Building Halcyon-1B: A Creative Writing Model
Halcyon-1B represents my venture into developing a specialized language model for creative writing. Built on the foundation of Gemma-3B, this model has been fine-tuned to excel in storytelling, literary exploration, and nuanced narrative construction.
The Vision
The inspiration for Halcyon-1B came from recognizing a gap in the current landscape of language models. While many models excel at general tasks, there was an opportunity to create a specialized model that could better understand and generate creative writing with enhanced literary sensibility.
Technical Implementation
Base Model Selection
I chose unsloth/gemma-3-1b-it-unsloth-bnb-4bit as the foundation for several reasons:
- Efficiency: The 4-bit quantization allows for faster training and inference while maintaining quality
- Base Performance: Gemma-3B demonstrates strong language understanding capabilities
- Resource Optimization: Unsloth's optimizations enable better performance on consumer hardware
Training Methodology
The training process leveraged two key technologies:
- Unsloth: Used for 2x faster training through optimized kernels and memory management
- Hugging Face's TRL Library: Employed for efficient fine-tuning and training management
Dataset Curation
The model was trained on the Creative Writing ShareGPT dataset, which provides:
- High-quality creative writing examples
- Diverse writing styles and genres
- Natural language interactions focused on storytelling
Model Capabilities
Halcyon-1B excels in several creative writing tasks:
- Narrative Generation: Creating coherent and engaging stories
- Style Adaptation: Matching various literary styles and tones
- Character Development: Crafting consistent and compelling characters
- Plot Construction: Developing structured and meaningful narratives
Usage Example
Here's how to use Halcyon-1B in your projects:
from unsloth import FastModel
from transformers import TextStreamer
# Load model and tokenizer
model, tokenizer = FastModel.from_pretrained(
model_name = "colesmcintosh/Halcyon-1B",
max_seq_length = 2048,
load_in_4bit = True,
)
# Format prompt using Gemma-3 chat template
messages = [{
"role": "user",
"content": [{"type" : "text", "text" : "Write a mythological tale about how the oceans came to be."}]
}]
text_ids = tokenizer.apply_chat_template(messages, add_generation_prompt=True)

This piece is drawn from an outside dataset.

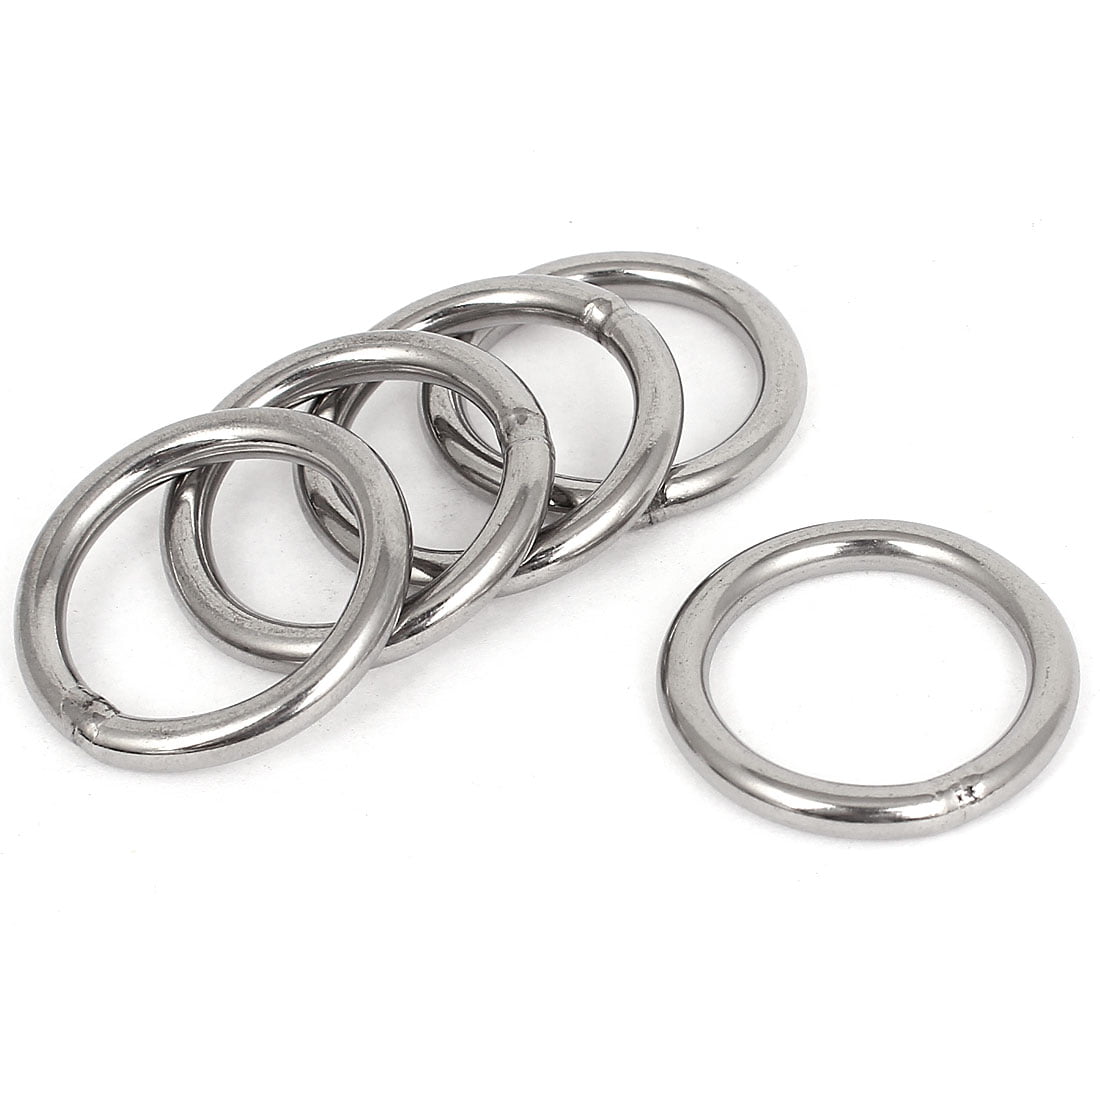 30mm x 3mm Stainless Steel Webbing Strapping Welded O Rings 5 Pcs Z4F6 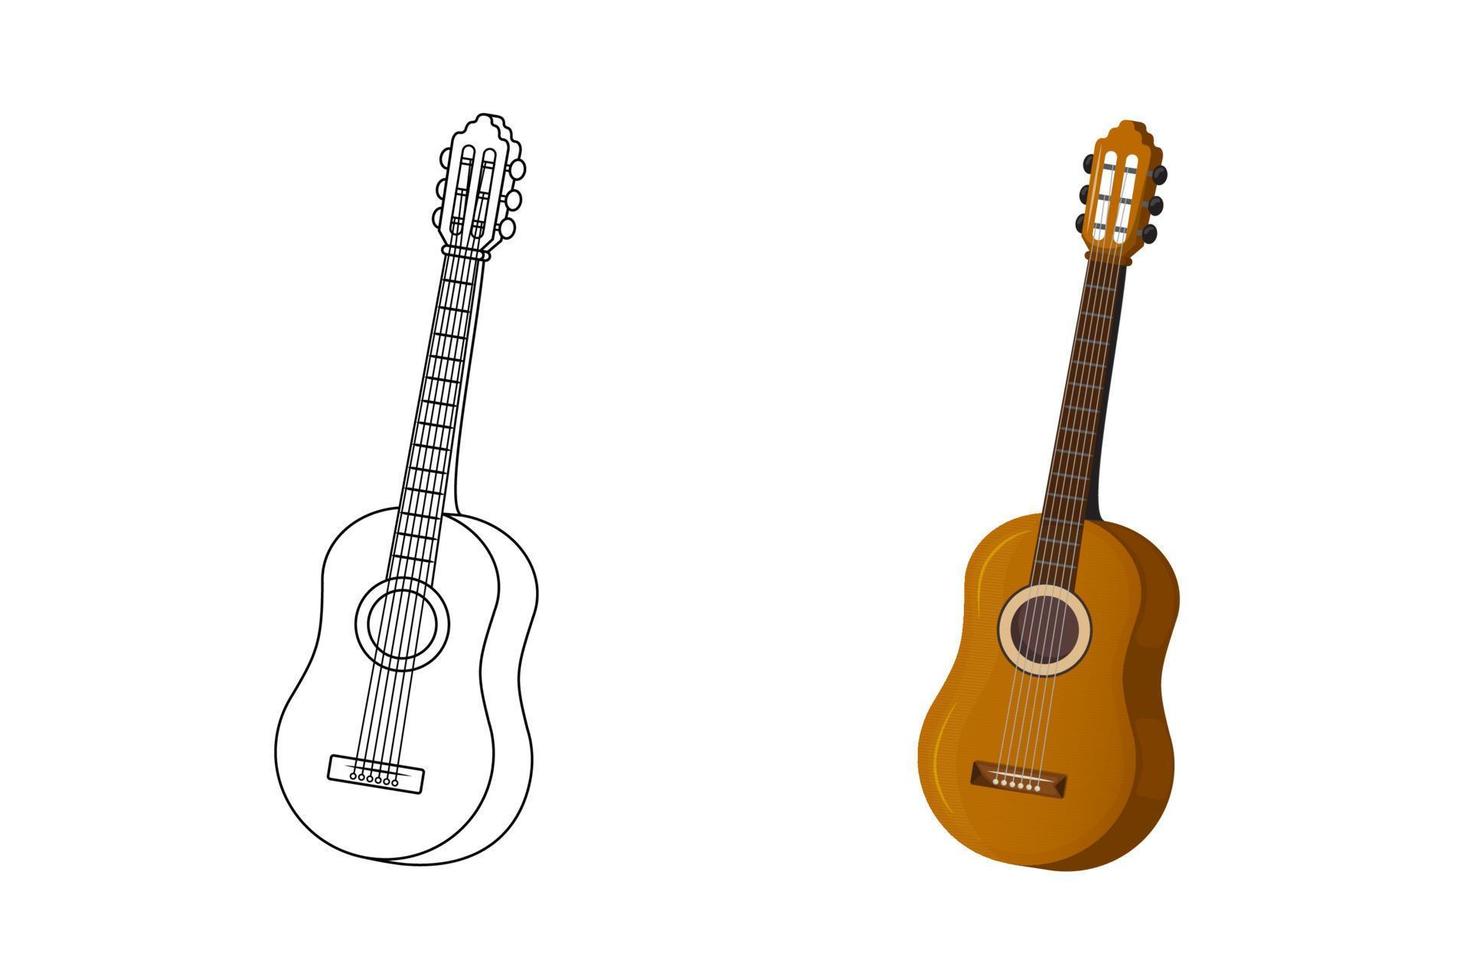 Coloring page for children - a classic musical instrument - guitar. Black and white illustration. Children's coloring book for elementary school. Vector. vector

text_str = tokenizer.decode(text_ids)
# Generate response
outputs = model.generate(
**tokenizer([text_str], return_tensors="pt").to("cuda"),
max_new_tokens=64,
temperature=1.0,
top_p=0.95,
top_k=64,
streamer=TextStreamer(tokenizer, skip_prompt=True),
)
Future Development
Looking ahead, I plan to:
- Expand Training Data: Incorporate more diverse creative writing styles
- Optimize Performance: Further tune the model for specific creative tasks
- Community Integration: Develop tools and plugins for popular writing platforms
Conclusion
Halcyon-1B represents a step forward in specialized language models for creative writing. By focusing on this specific domain, we can push the boundaries of what's possible in AI-assisted creative writing while maintaining efficiency and accessibility.
The model is open source and available on Hugging Face, and I welcome contributions and feedback from the community.